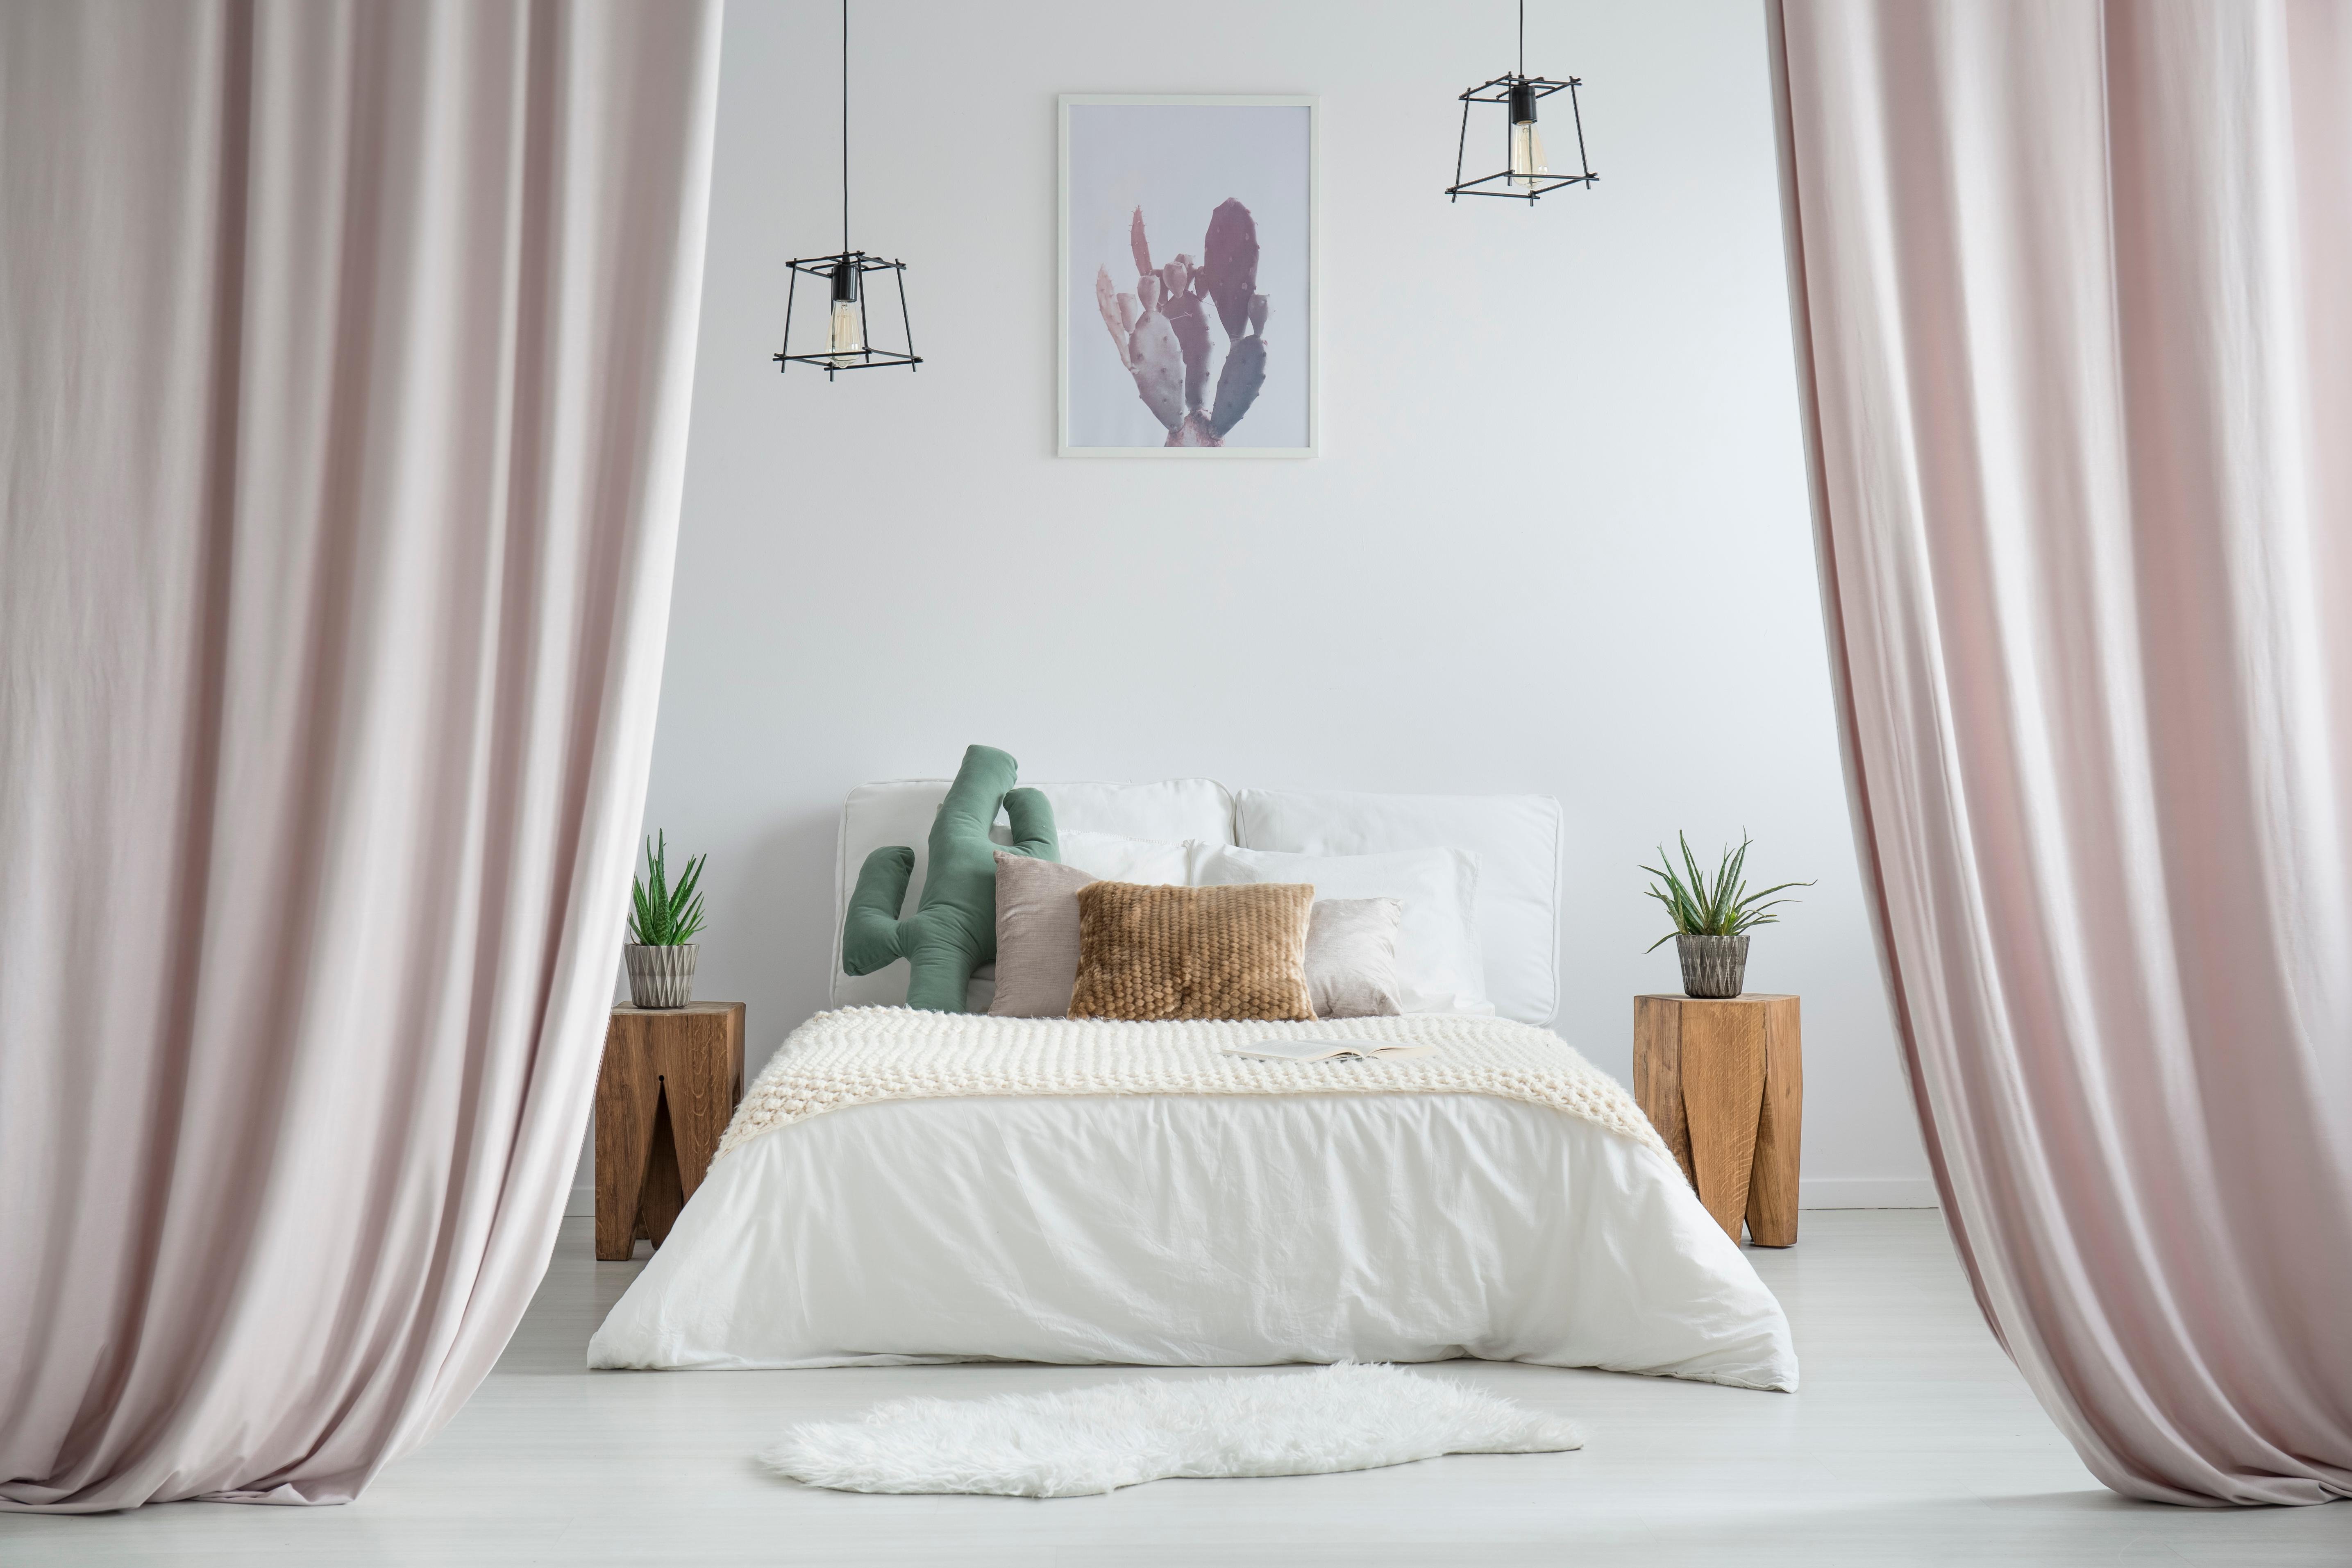 rideaux divisant la chambre
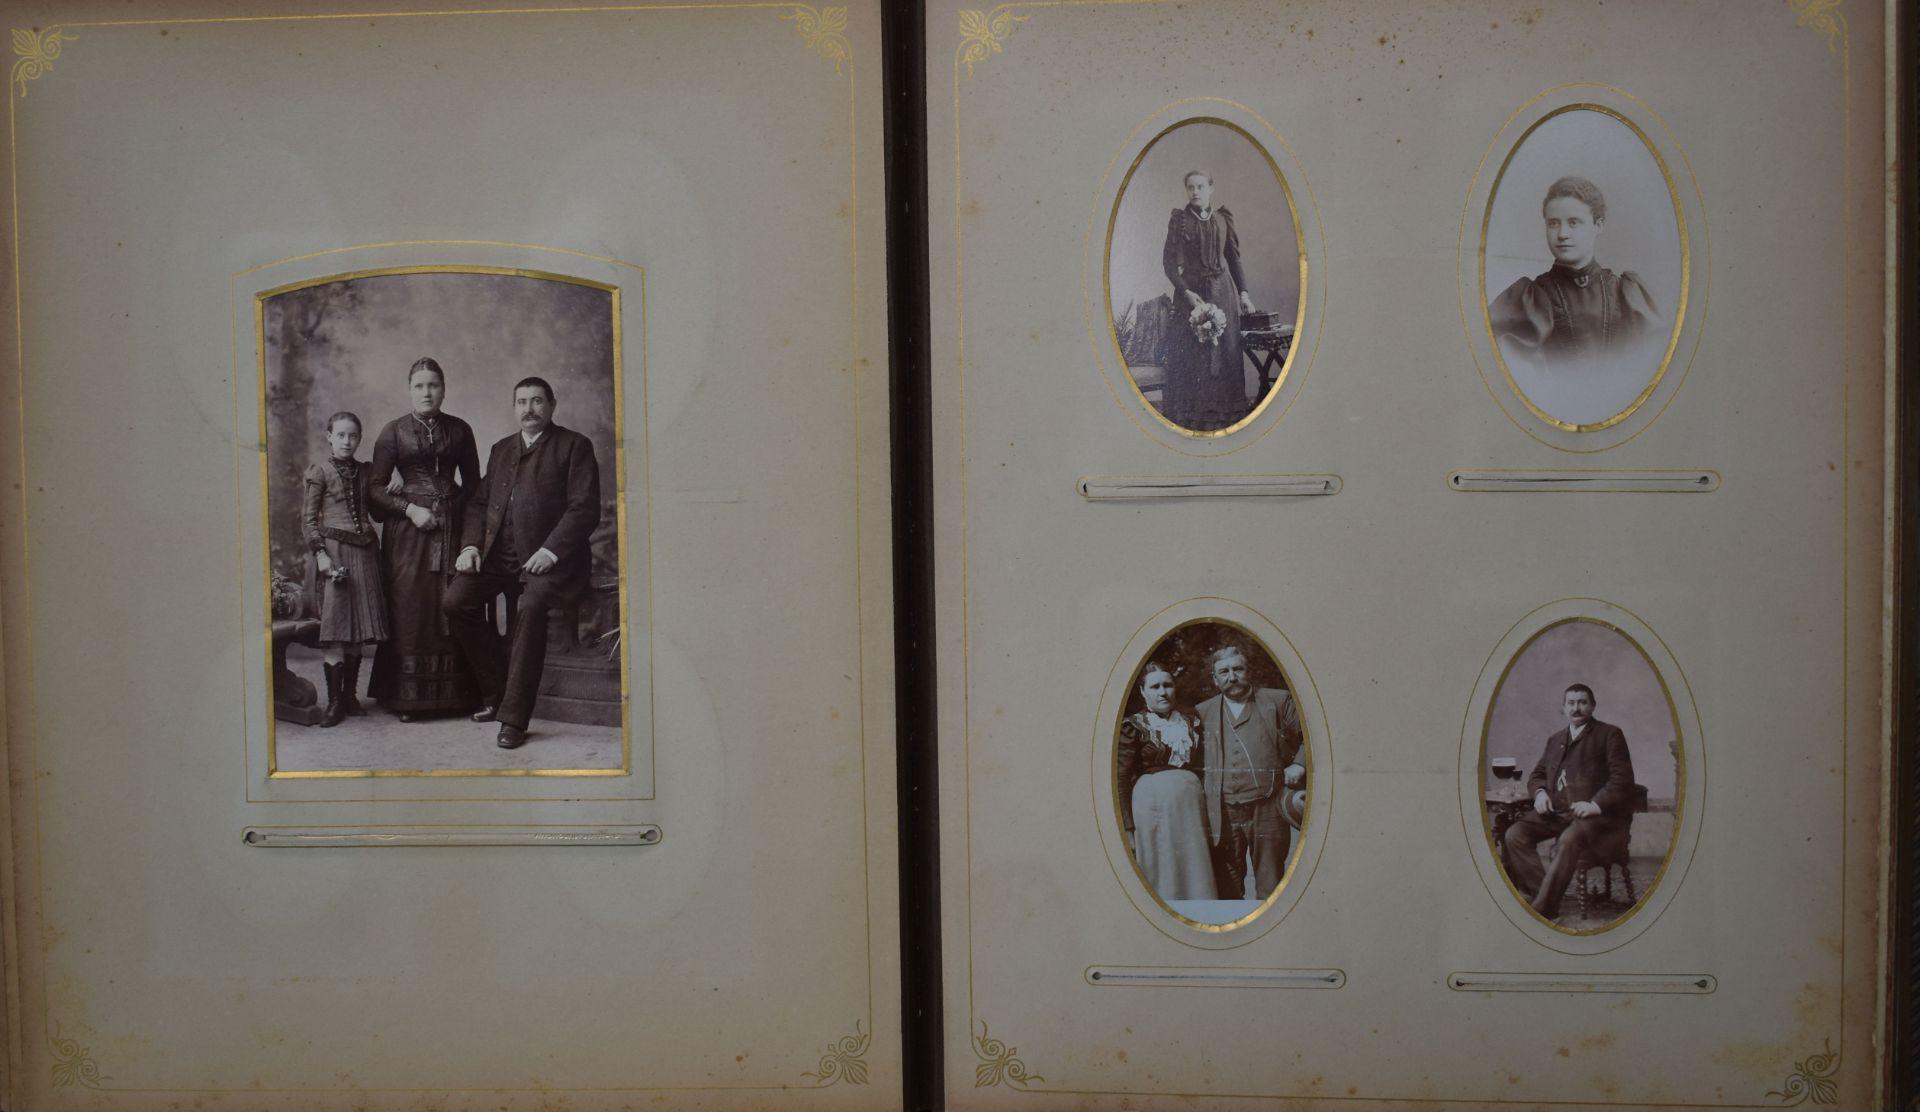 Fotoalbum, Deutsch um 1880, - Bild 3 aus 5
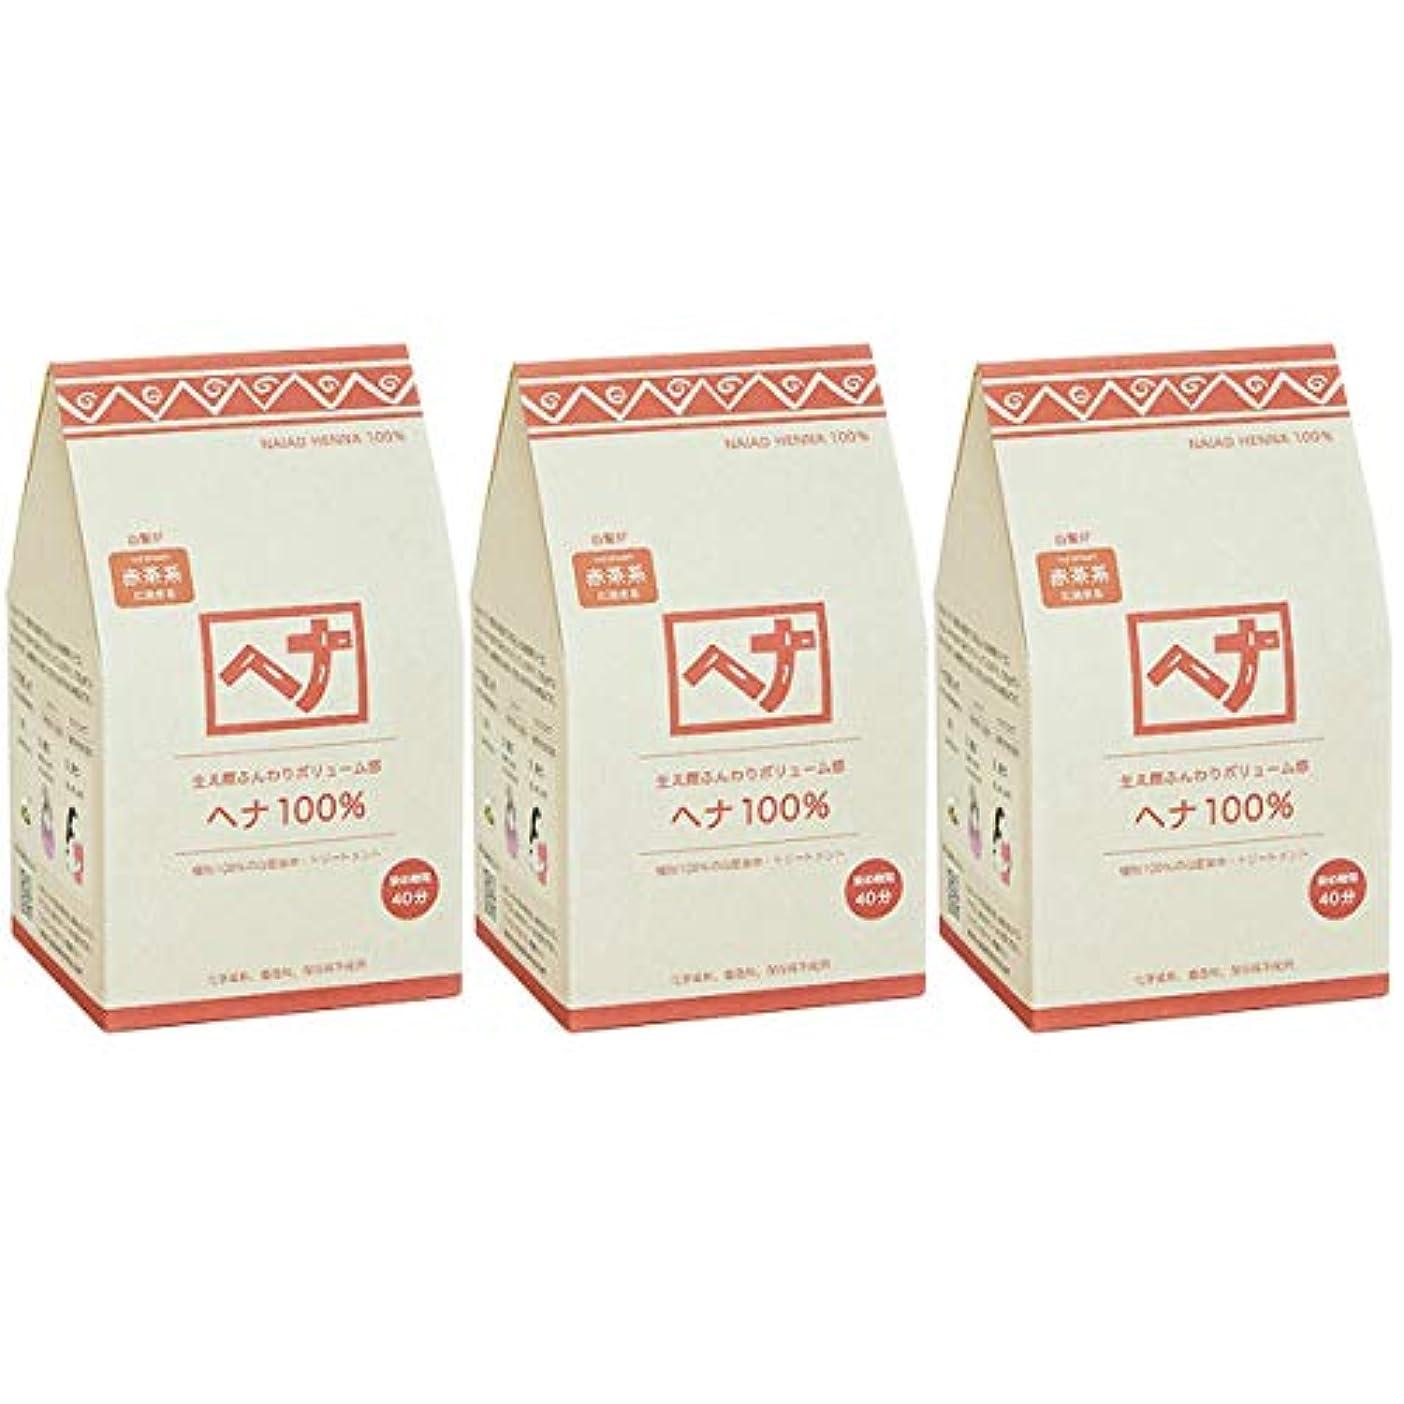 見捨てられた彫る戦略ナイアード ヘナ 100% 赤茶系 生え際ふんわりボリューム感 400g 3個セット

■ What to work on
All of the material above should be output exactly, with the pictures left behind.

■ Solution to the problem
 rideaux divisant la chambre
 Fotoalbum, Deutsch um 1880, - Bild 3 aus 5
 見捨てられた彫る戦略ナイアード ヘナ 100% 赤茶系 生え際ふんわりボリューム感 400g 3個セット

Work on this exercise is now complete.